DATASET CONTENT:
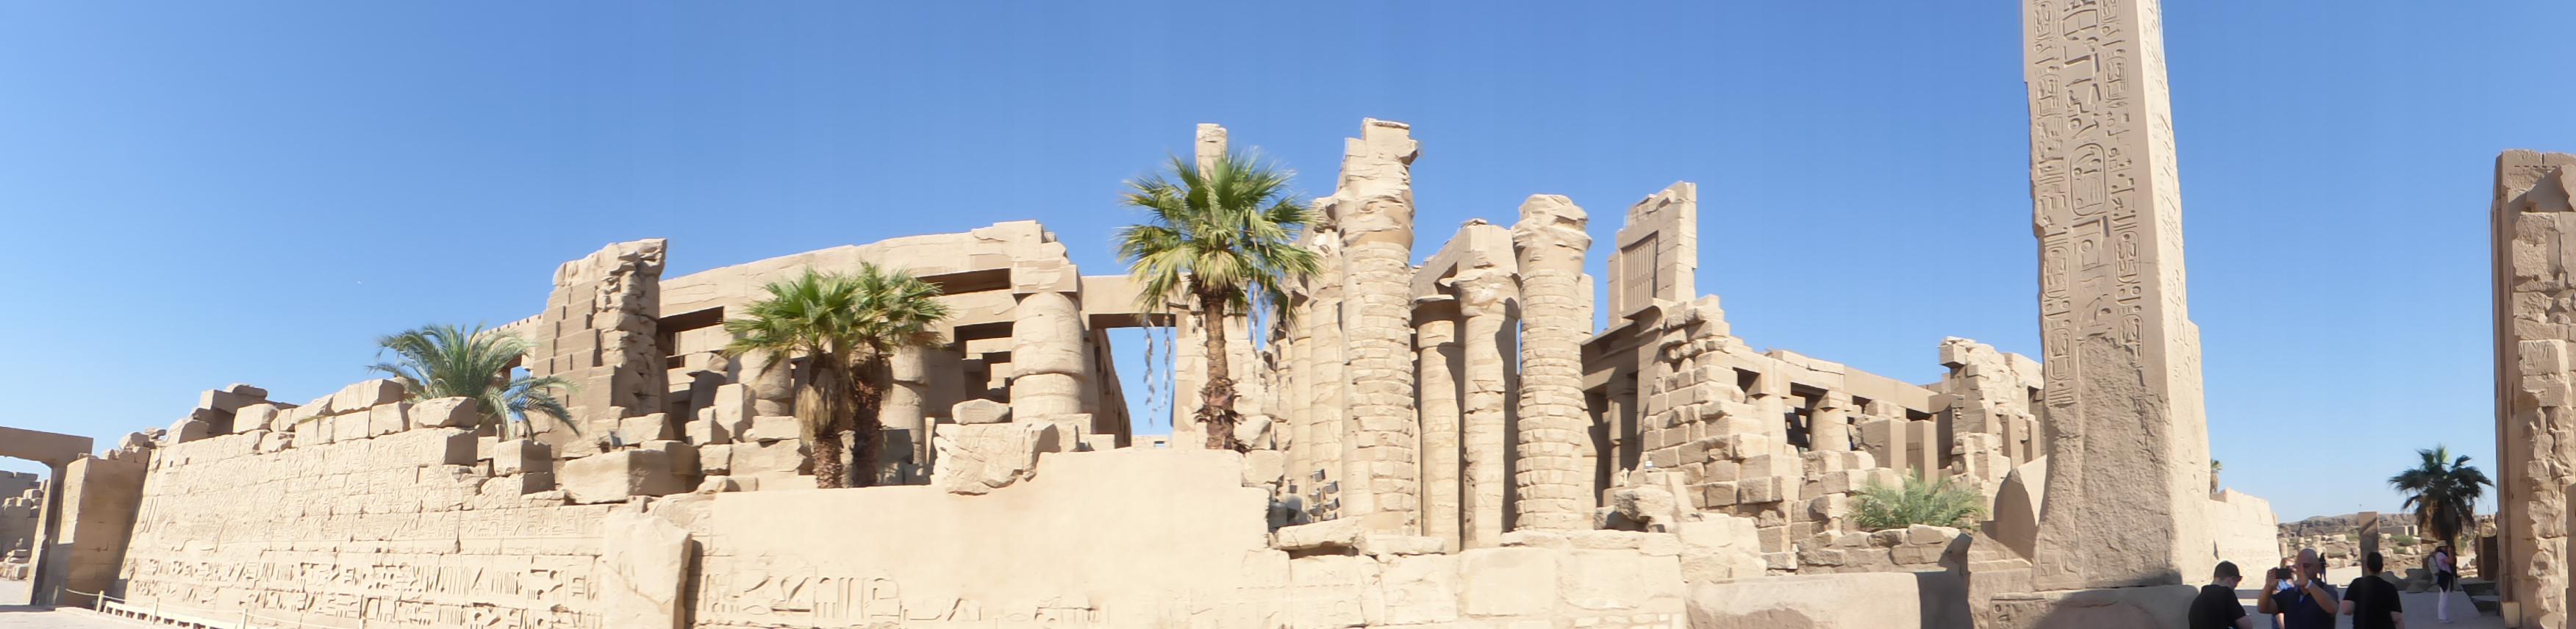 Panorama-Ägypten (10)
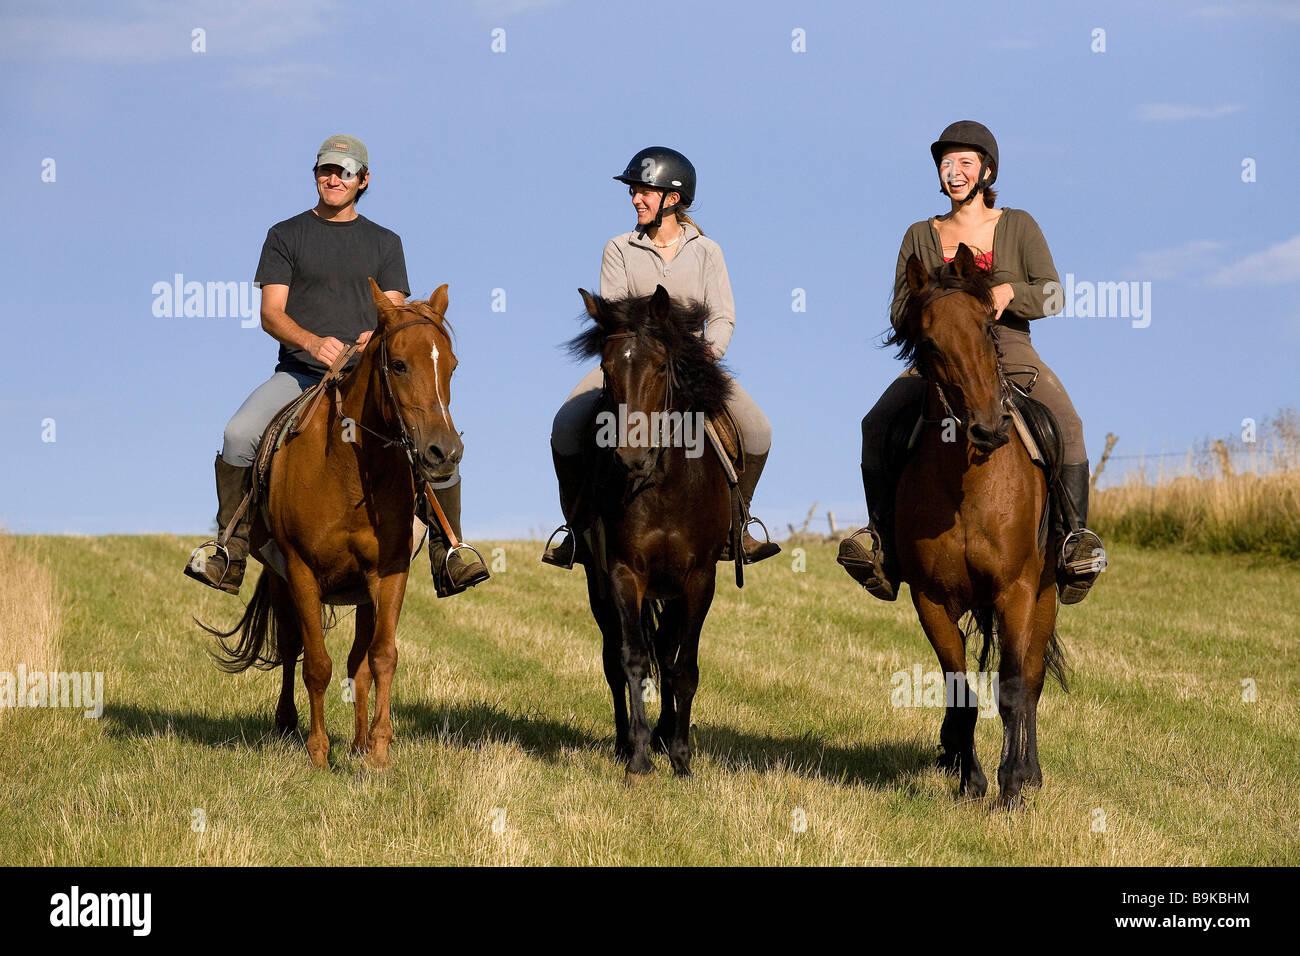 France, Aveyron, Aubrac area, Centre Equestre de l'Aubrac (Aubrac equestrian center, horse riding - Stock Image
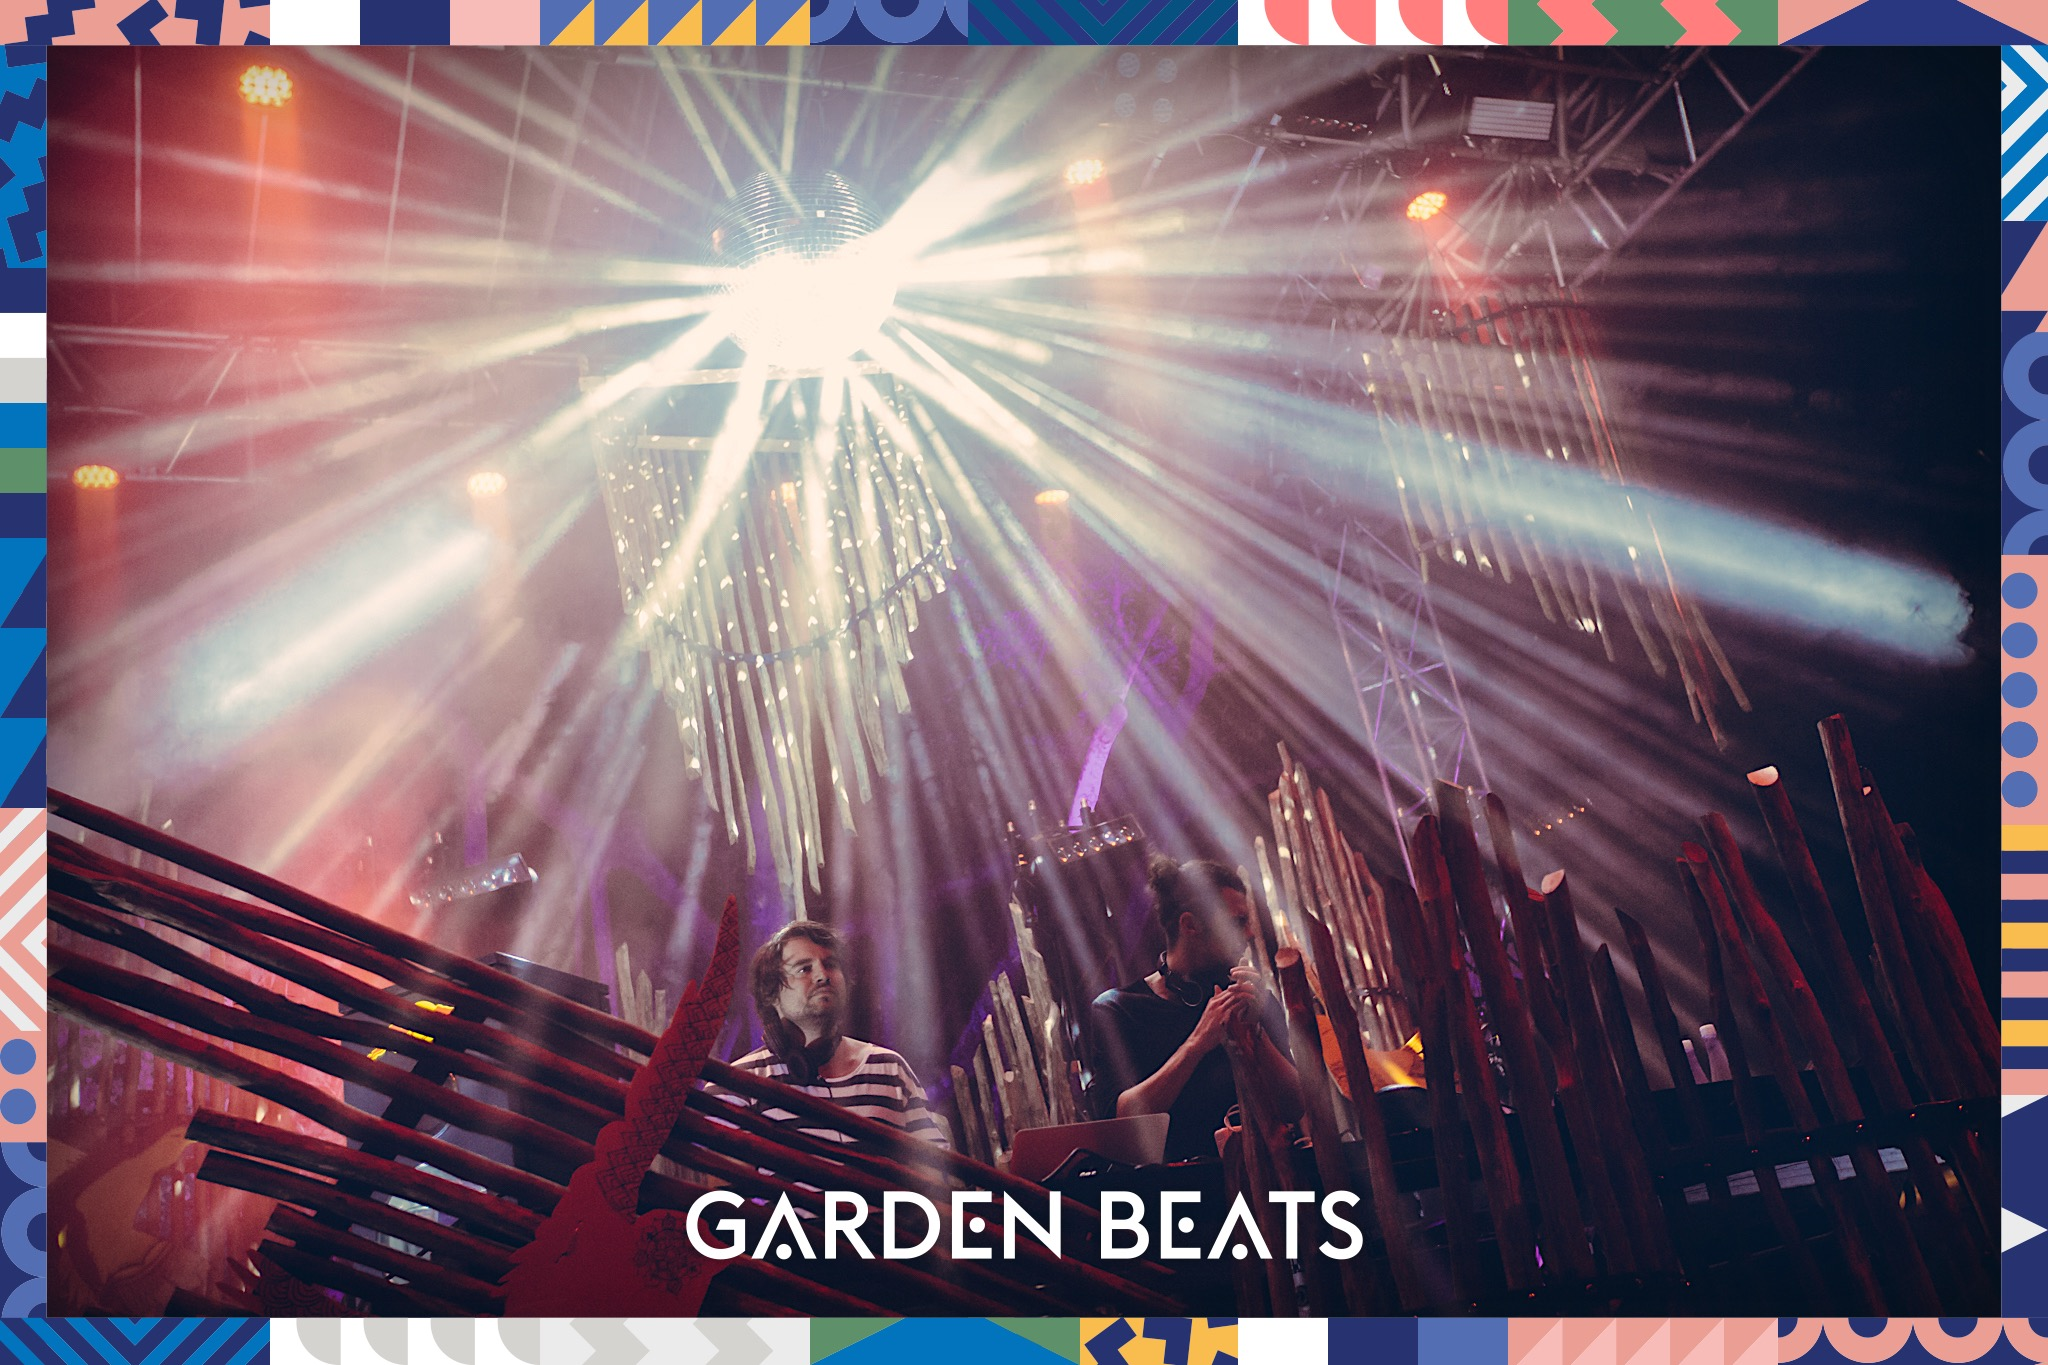 18032017_GardenBeats_Colossal848_WatermarkedGB.jpg

ACTIVITY: Return the data above unchanged. Pictures are not part of the copy.

WRITTEN ANSWER:
 Panorama-Ägypten (10)
 France, Aveyron, Aubrac area, Centre Equestre de l'Aubrac (Aubrac equestrian center, horse riding - Stock Image
 18032017_GardenBeats_Colossal848_WatermarkedGB.jpg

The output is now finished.